#### THE INPUT

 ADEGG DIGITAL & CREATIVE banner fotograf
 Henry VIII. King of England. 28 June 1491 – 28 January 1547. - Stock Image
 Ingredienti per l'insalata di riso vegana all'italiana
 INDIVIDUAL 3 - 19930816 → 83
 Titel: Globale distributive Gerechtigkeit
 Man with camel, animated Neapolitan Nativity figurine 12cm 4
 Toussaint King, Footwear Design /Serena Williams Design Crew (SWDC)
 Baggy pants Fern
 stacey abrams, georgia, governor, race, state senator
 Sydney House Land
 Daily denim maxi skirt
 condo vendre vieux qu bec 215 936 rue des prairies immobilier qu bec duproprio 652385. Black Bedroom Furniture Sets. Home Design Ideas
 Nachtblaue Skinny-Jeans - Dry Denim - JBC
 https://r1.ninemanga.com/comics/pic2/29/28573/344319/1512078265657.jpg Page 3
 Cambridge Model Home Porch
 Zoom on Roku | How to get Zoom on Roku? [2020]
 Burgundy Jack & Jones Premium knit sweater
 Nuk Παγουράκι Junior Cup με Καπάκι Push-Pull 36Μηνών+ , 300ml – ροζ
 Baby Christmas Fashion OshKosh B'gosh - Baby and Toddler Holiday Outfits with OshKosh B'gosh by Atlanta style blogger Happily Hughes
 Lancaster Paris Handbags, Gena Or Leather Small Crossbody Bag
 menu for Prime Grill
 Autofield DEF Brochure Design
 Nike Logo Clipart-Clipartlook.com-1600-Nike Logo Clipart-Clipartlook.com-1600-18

########

• PROBLEM
Give back the lines above exactly, from the one with "Nuk Παγουράκι Junior" through the last line.

• RESPONSE AREA
 Nuk Παγουράκι Junior Cup με Καπάκι Push-Pull 36Μηνών+ , 300ml – ροζ
 Baby Christmas Fashion OshKosh B'gosh - Baby and Toddler Holiday Outfits with OshKosh B'gosh by Atlanta style blogger Happily Hughes
 Lancaster Paris Handbags, Gena Or Leather Small Crossbody Bag
 menu for Prime Grill
 Autofield DEF Brochure Design
 Nike Logo Clipart-Clipartlook.com-1600-Nike Logo Clipart-Clipartlook.com-1600-18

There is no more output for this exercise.